EXERCISE DESCRIPTION
Please reproduce the lines of the records below from the one holding "Banderole textile 300 x 80 cm" through the one holding "Speciální malé červené", inclusive, skipping all pictures.

RECORDS PROVIDED
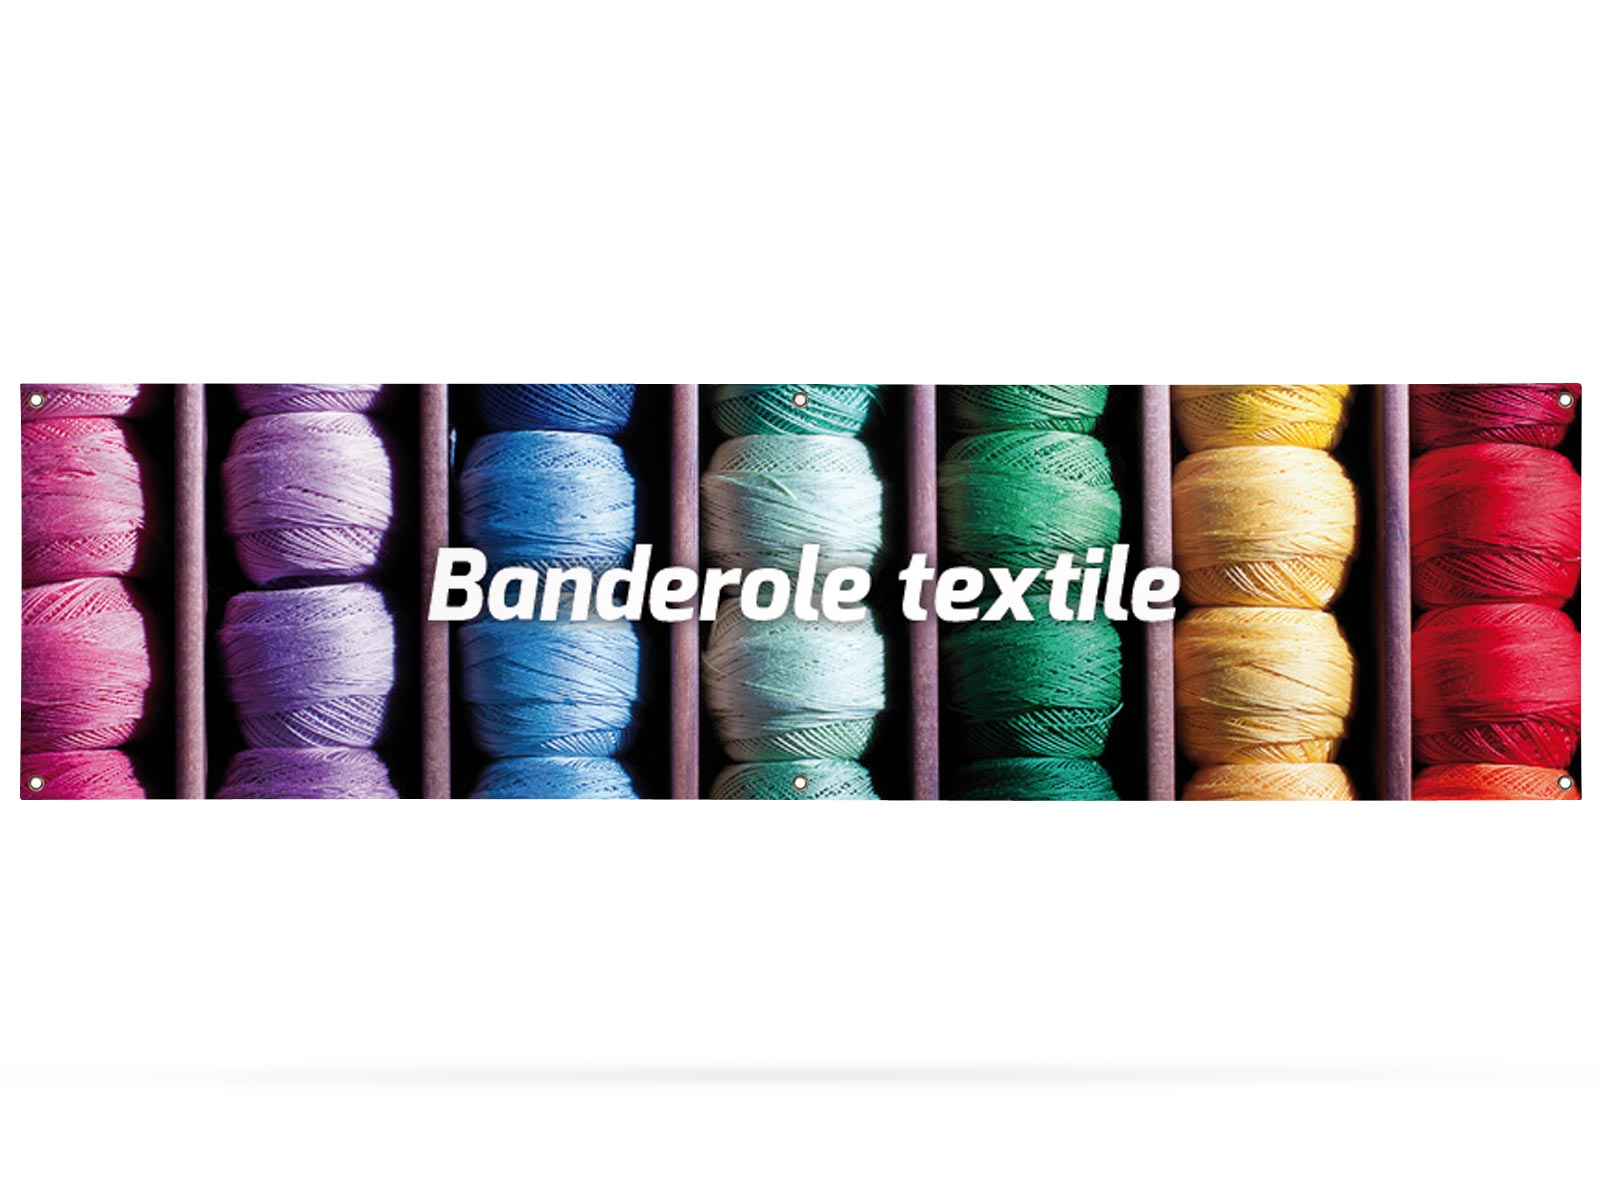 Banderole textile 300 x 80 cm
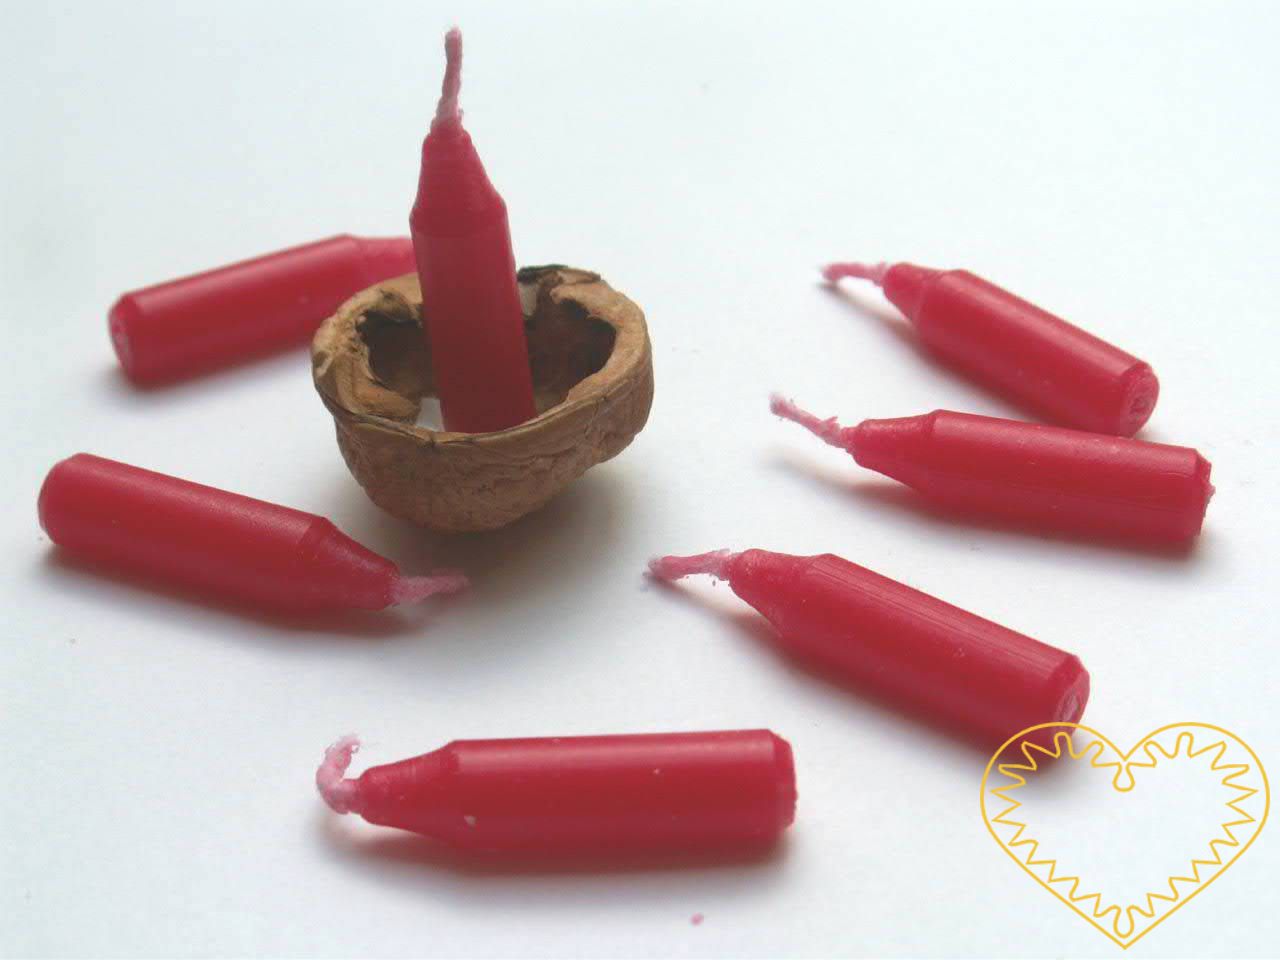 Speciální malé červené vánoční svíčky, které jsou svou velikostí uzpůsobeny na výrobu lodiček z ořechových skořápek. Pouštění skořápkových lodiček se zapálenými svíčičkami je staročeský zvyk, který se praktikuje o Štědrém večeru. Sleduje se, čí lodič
==
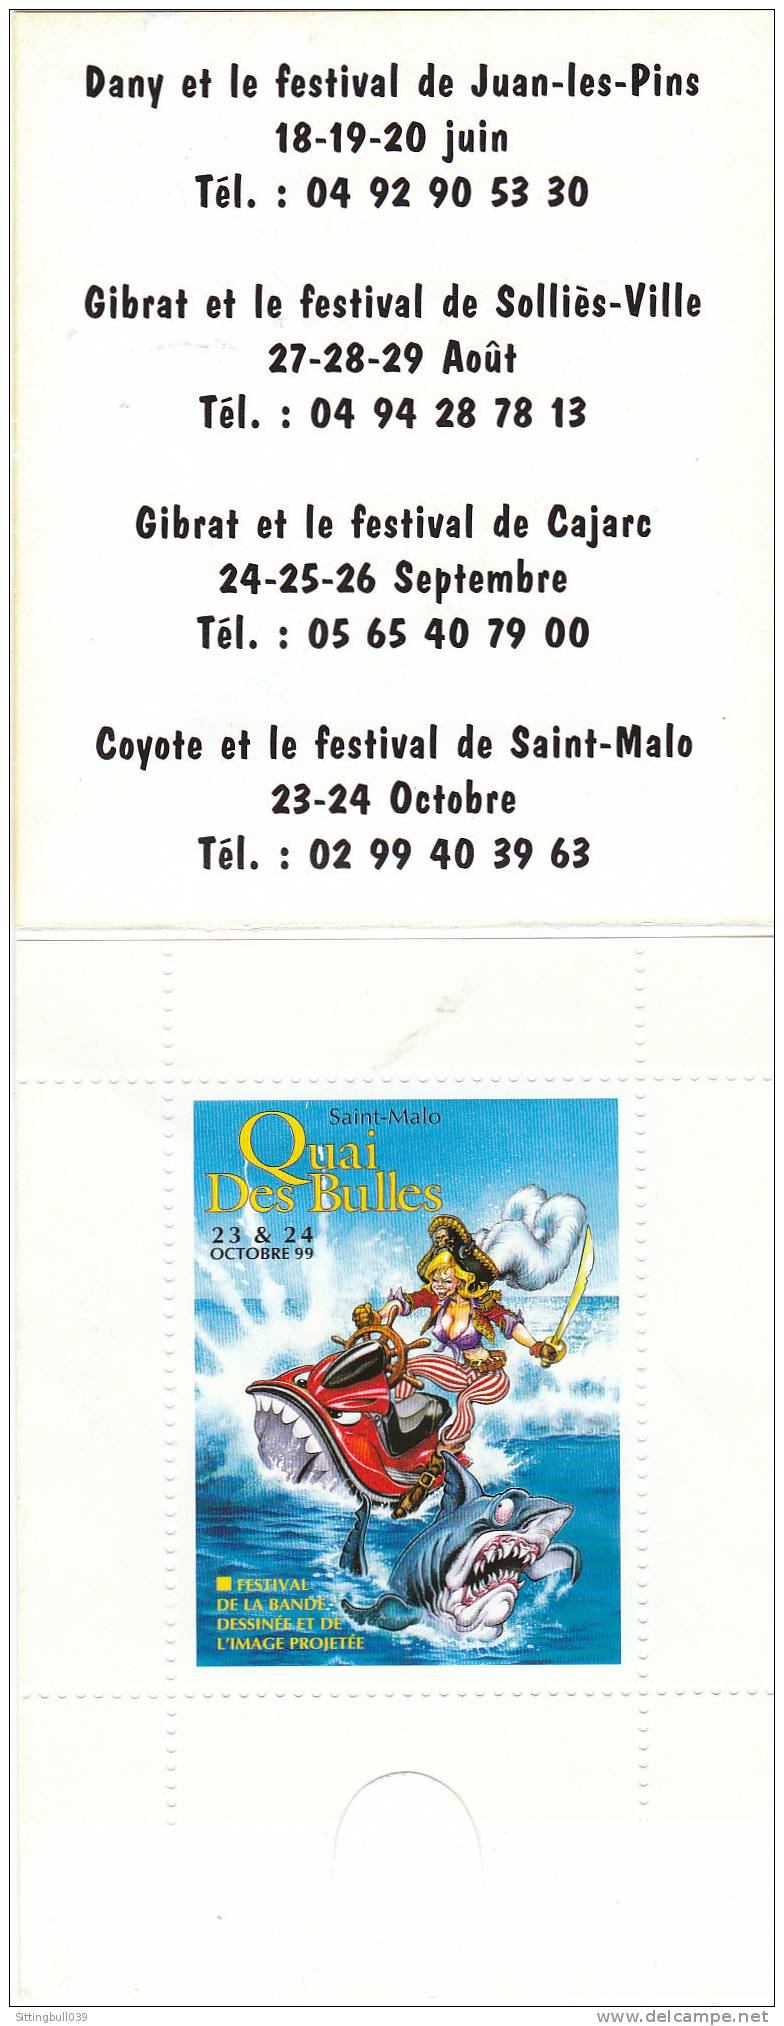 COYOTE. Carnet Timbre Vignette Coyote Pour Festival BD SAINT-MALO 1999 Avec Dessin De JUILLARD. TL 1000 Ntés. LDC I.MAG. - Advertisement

ANSWER BELOW
 Banderole textile 300 x 80 cm
 Speciální malé červené vánoční svíčky, které jsou svou velikostí uzpůsobeny na výrobu lodiček z ořechových skořápek. Pouštění skořápkových lodiček se zapálenými svíčičkami je staročeský zvyk, který se praktikuje o Štědrém večeru. Sleduje se, čí lodič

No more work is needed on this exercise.